The son of Sir Matthew Fetherstonhaugh , he was educated at Eton College and University College, Oxford.

He made the Grand Tour in 1775-76 but passed most of it in sexual and hunting adventures. Like his parents and uncle 25 years earlier, he was painted by Pompeo Batoni in Rome, and later employed Humphry Repton to lay out the gardens to his country manor, Uppark.
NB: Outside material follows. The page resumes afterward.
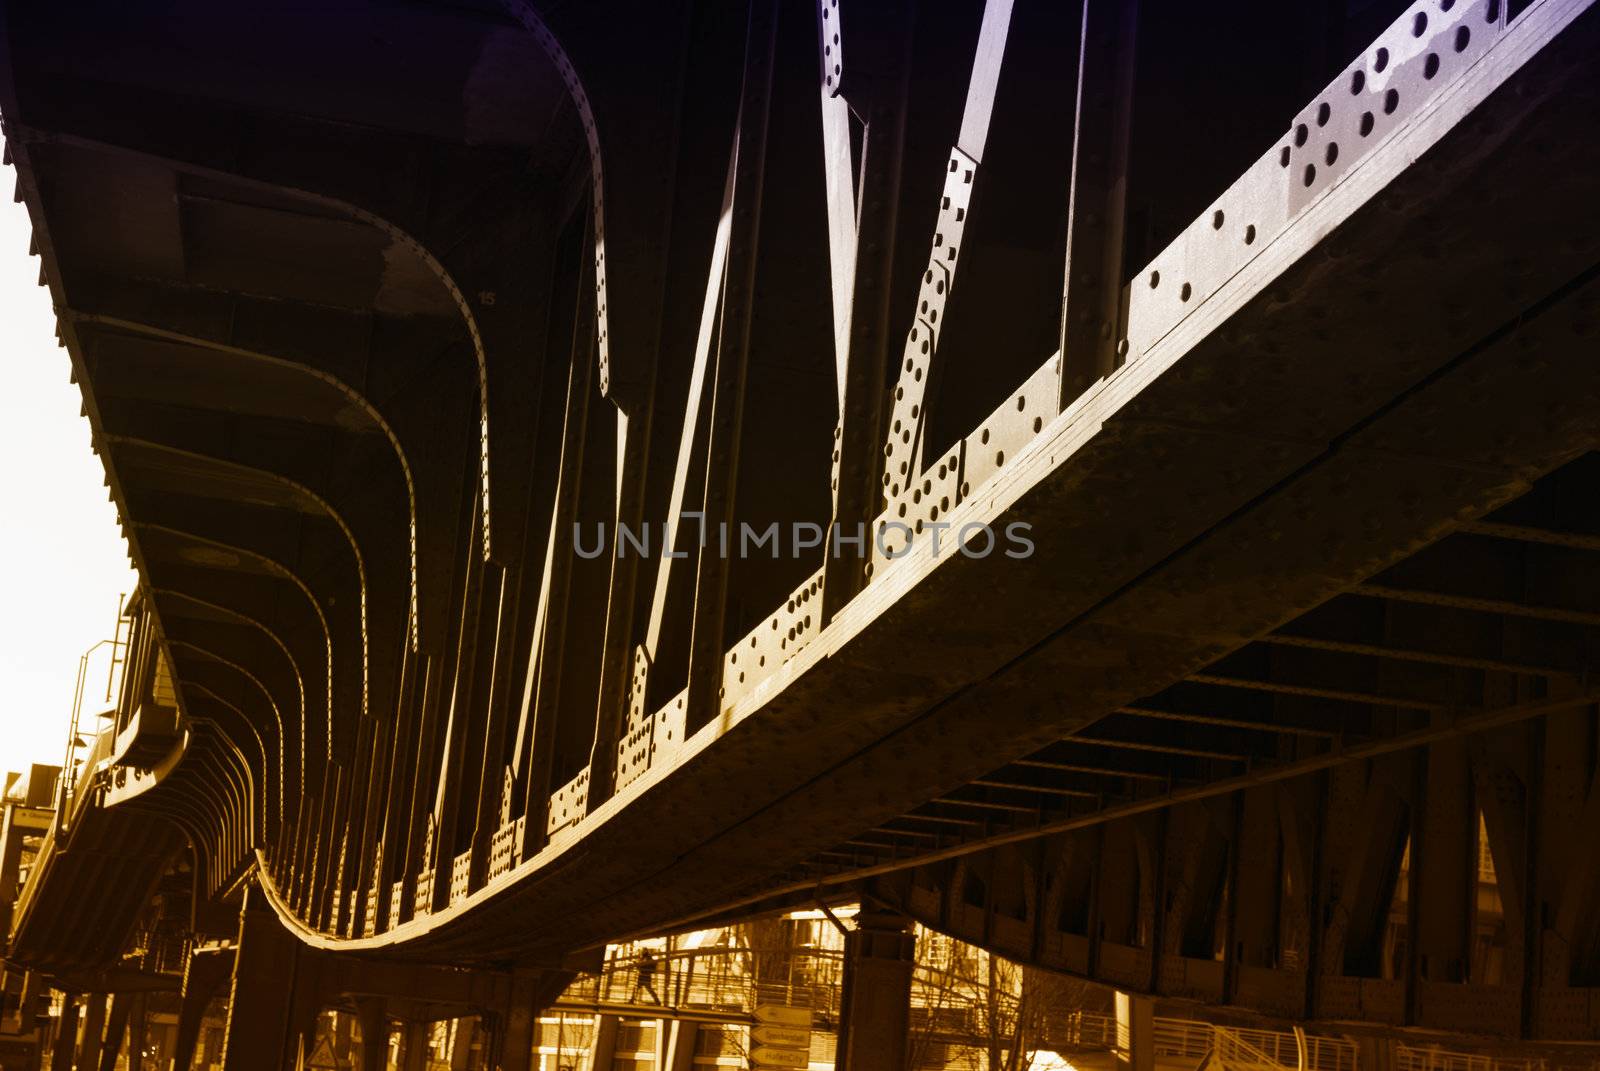 Hamburg and its Bridges by Fr@nk
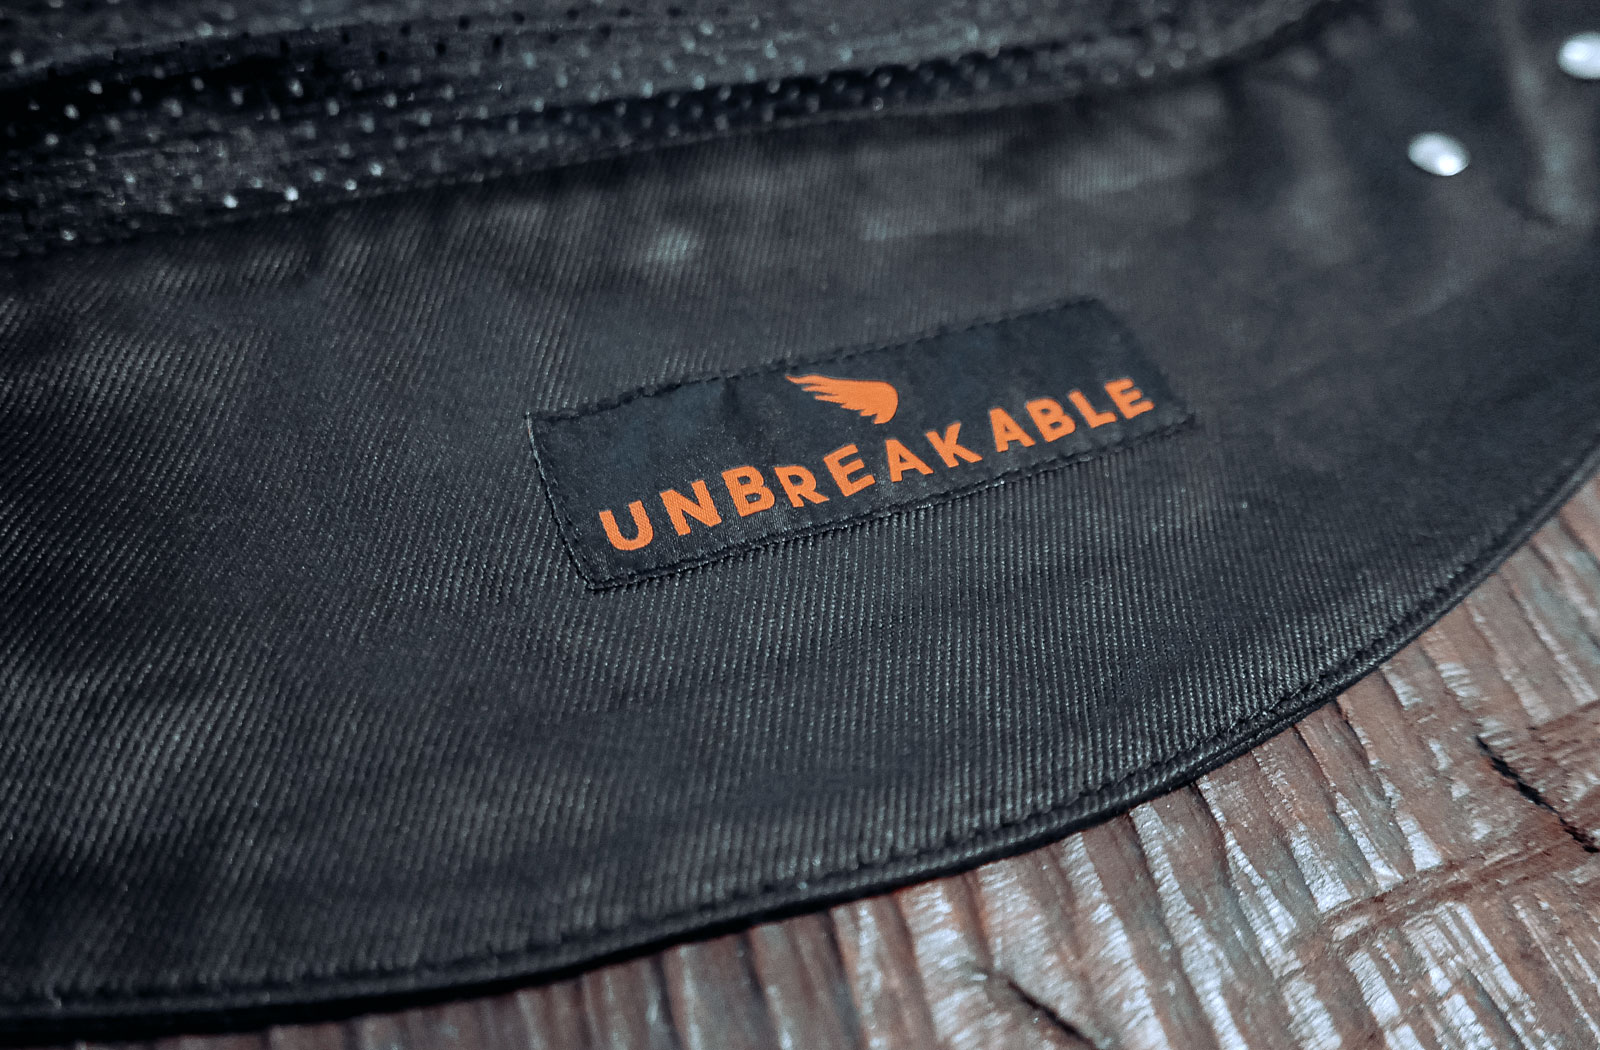 Saint Unbreakable Jacket review

He was the Member of Parliament for Portsmouth from 1782 to 1796, but never once spoke in the House of Commons, and has been described as a "witless playboy".

Sir Harry was a good friend of the Prince of Wales (later King George IV), who stayed at Uppark during the mid-1780s. He took the teenaged Emma Hamilton as a mistress to live with him at Uppark in 1780 and to entertain his guests at the many parties he hosted, but rejected her when she became pregnant with his child in 1781. A frequent guest at Uppark, Charles Greville, took her in as his mistress on condition that the child, Emma Carew, was fostered out.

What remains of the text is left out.